Домой они возвращались поздно и еще часа полтора стояли в арке ворот. Они размахивали руками, и крики их гулко разносились по почти не освещенному двору. Поздние прохожие опасливо пробирались мимо, кляня в душе милицию, которая даже здесь, в центре, не может покончить с хулиганами. Но ребята не были хулиганами — просто они восторженно и страстно вспоминали и истолковывали эпизоды матча. Часов в двенадцать они расходились, солидно пожав друг другу руки. Позже загуливаться было нельзя — на работу поднимались рано.

Жили во дворе и другие ребята — студенты, инженеры, даже один артист. Они тоже были, в общем, свои, встречаясь, всегда перекидывались парой слов и о футболе судили так же азартно и порой так же матерились при этом. Но все-таки у них жизнь была другая, и, например, на май или на Новый год в компанию вместе обычно не попадали.
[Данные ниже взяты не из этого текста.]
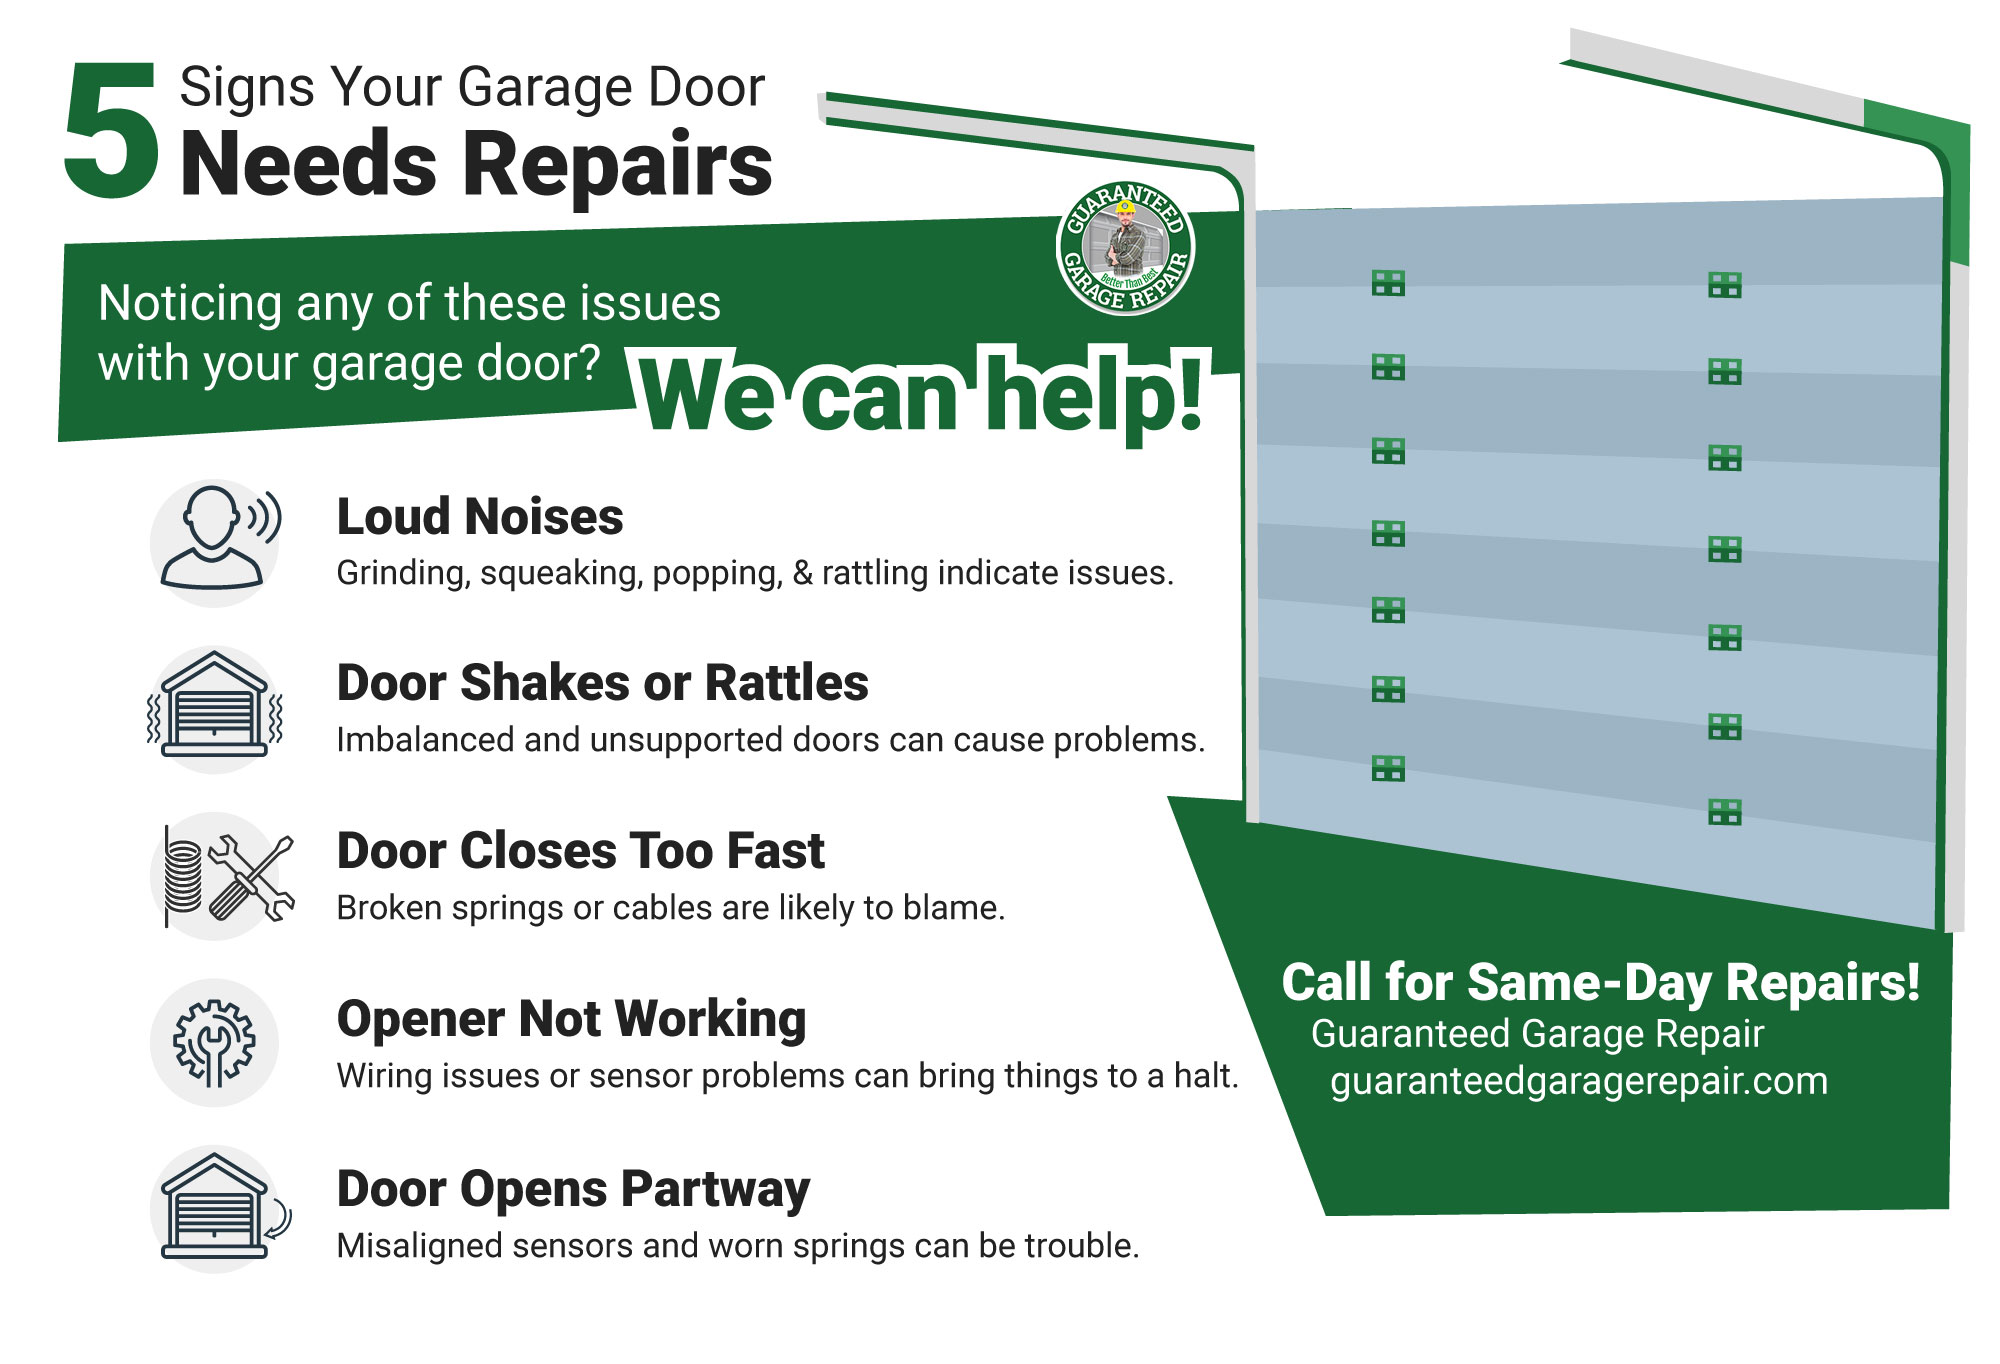 5 Signs Your Garage Door Needs Repairs infographic

Девушки у Ричарда не было. Одно время нравилась девочка из лаборатории, сероглазая блондиночка в строгом костюме. Она училась заочно в химическом, ходила по абонементу в консерваторию. Он с ней раза три заговаривал в столовой и на троллейбусной остановке. Но быстро почувствовал, что ей с ним скучновато, и отстал.

Вскоре он познакомился в универмаге с продавщицей из отдела готового платья. Она была глупая и грубая, но хорошенькая, и считала, что осчастливила его. Она уже нагулялась и теперь хотела замуж. Но никак не могла понять, хочет ли замуж именно за Ричарда, от этого злилась на него и при каждой встрече, оттопыривая накрашенные губы, раздраженно требовала, чтобы он вел ее в молодежное кафе.

Когда Ричарду исполнилось двадцать два, он вдруг четко понял, что жизнь его встала на рельсы и, если теперь ее как-то не повернуть, так и будет катиться до пенсии, разве что повысится заработок да со временем, когда заведется семья, дадут квартиру в Кузьминках или Зюзино. Но о семье он думал без особой радости, а в Зюзино переезжать не хотел: Арбат был его родиной.

Тогда он стал серьезно задумываться над жизнью и приглядываться к окружающим.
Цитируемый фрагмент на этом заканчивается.